Recent Changes — Education

D11's educational architecture has been reshaped by the most significant Pennsylvania education-funding cycle in a generation. The William Penn Commonwealth Court ruling (final July 21, 2023) declared PA's school funding system unconstitutional and documented an approximately $4.6 to $6.2 billion adequacy gap; the FY2024-25 and FY2025-26 PA budgets invested approximately $1 billion, leaving approximately $3.8 billion remaining. The April 30, 2026 [SDP](/paul/campaign/empower/glossary/#sdp) Board of Education 6-3 vote to close 17 school buildings made the William Penn ruling's fiscal context concrete at the building level. The [ESSER](/paul/campaign/empower/glossary/#esser) cliff in September 2024 and the parallel [BSCA](/paul/campaign/empower/glossary/#bsca) school-mental-health funding termination in April 2025 simultaneously eliminated supplemental funding for school-based mental health staffing. Federal civil-rights enforcement experienced documented degradation during 2025 — approximately 240 of the ED [OCR](/paul/campaign/empower/glossary/#ocr)'s approximately 575 staff were placed on paid administrative leave, 7 of 12 regional offices closed including Philadelphia, before the RIF was rescinded at the end of the year. Each entry below cross-references the sub-domains it materially affects.
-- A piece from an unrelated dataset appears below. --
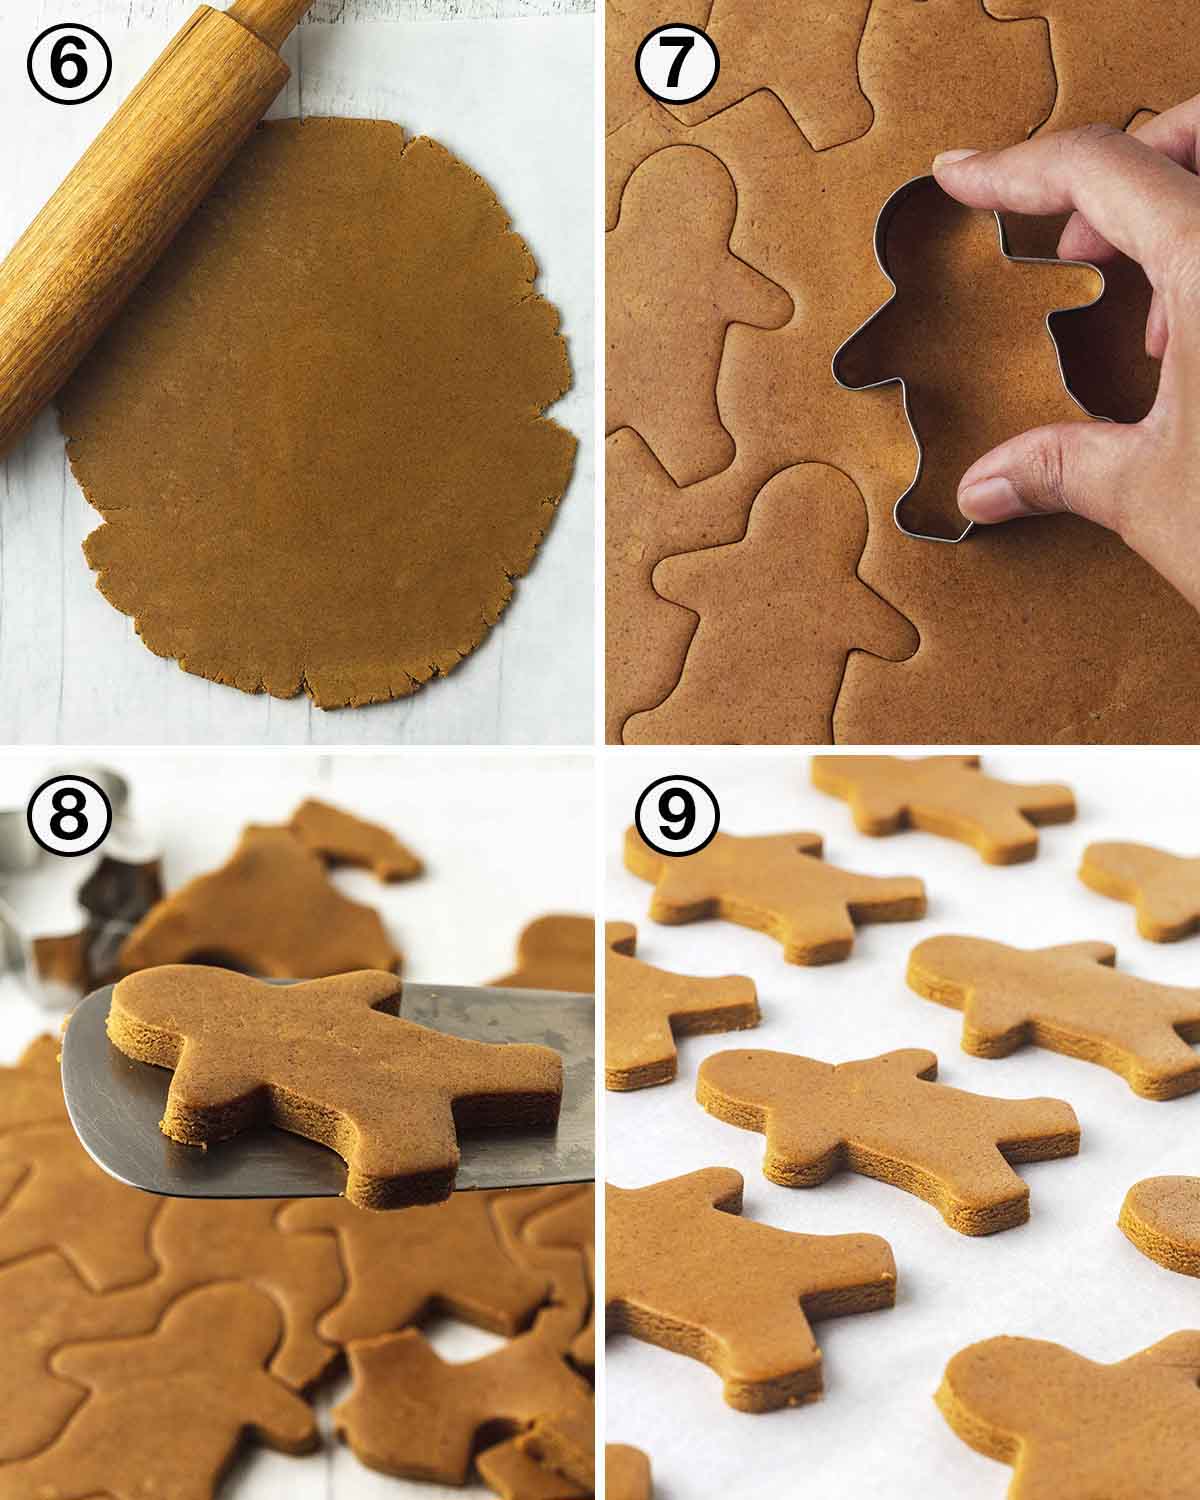 A collage of four images showing the second sequence of steps needed to make egg-free gingerbread cookies.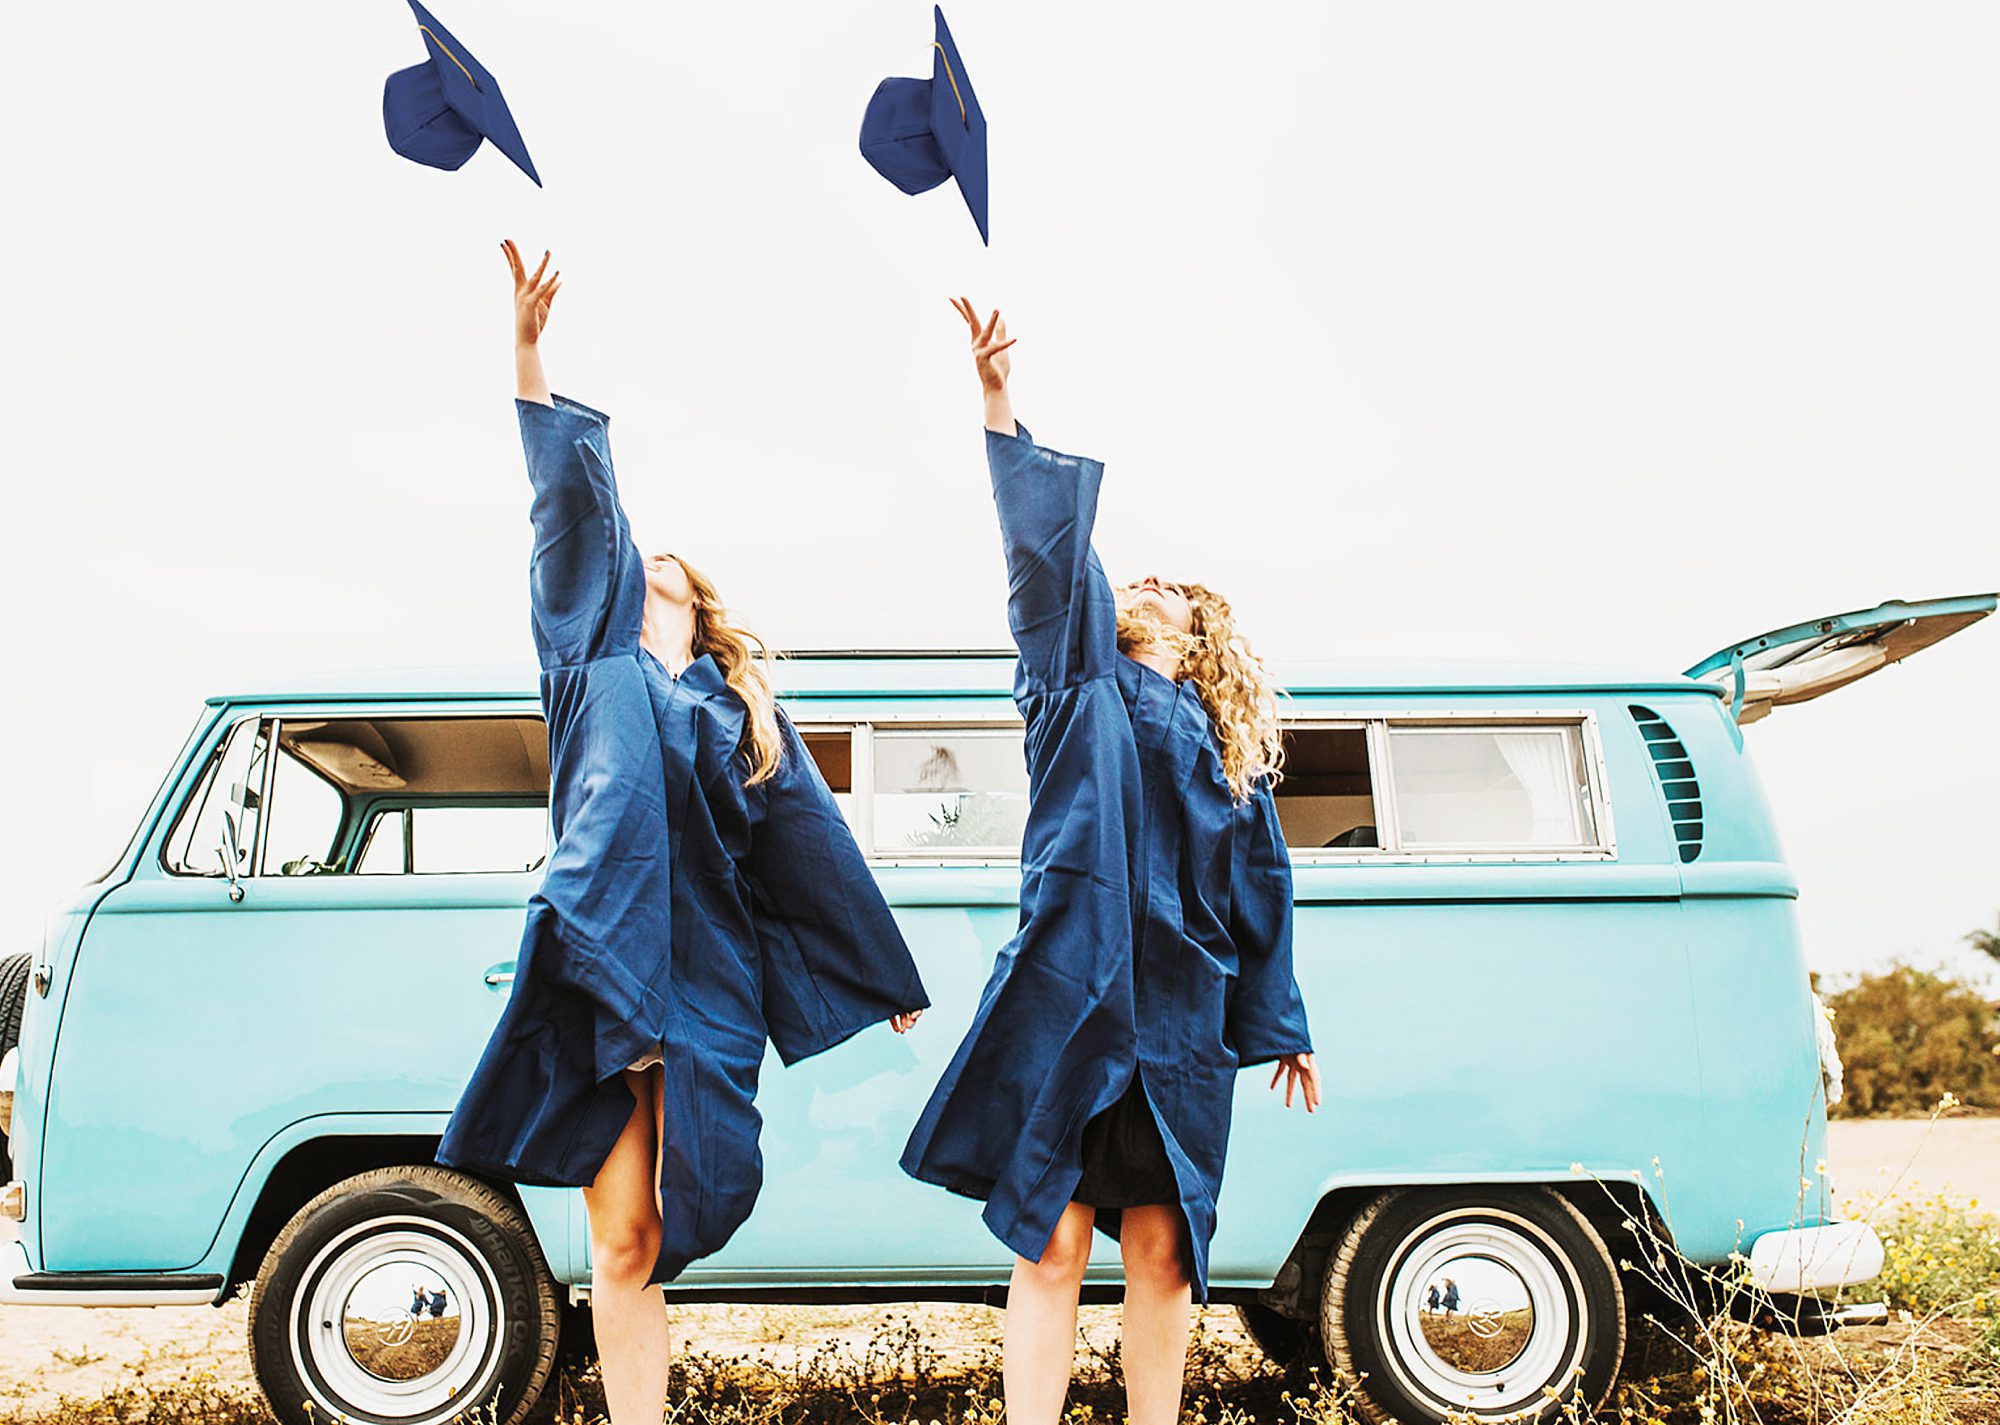 Carlsbad graduation portraits featuring the Funky Bus

William Penn School District v. Pennsylvania Department of Education — constitutional adequacy ruling

Commonwealth Court Judge Renée Cohn Jubelirer held that Pennsylvania's school funding system is unconstitutional under both the Education Clause (PA Const. Art. III § 14) and equal protection grounds — the first Pennsylvania holding that education is a fundamental right under the state constitution. The Commonwealth Court documented an adequacy gap of approximately $4.6 to $6.2 billion. The ruling declared the local-property-tax-reliance architecture constitutionally inadequate: tying educational resources to local wealth produces structural underfunding for districts with lower local property-tax base, including SDP. PA relies on local property taxes to fund schools more heavily than all but six other states, with only approximately 38% of school funding coming from the state level. The William Penn finding is the load-bearing legal context for every state-formula analysis throughout D11.

Affects: K-12 Substantive Architecture · Early Childhood · Operational Integration.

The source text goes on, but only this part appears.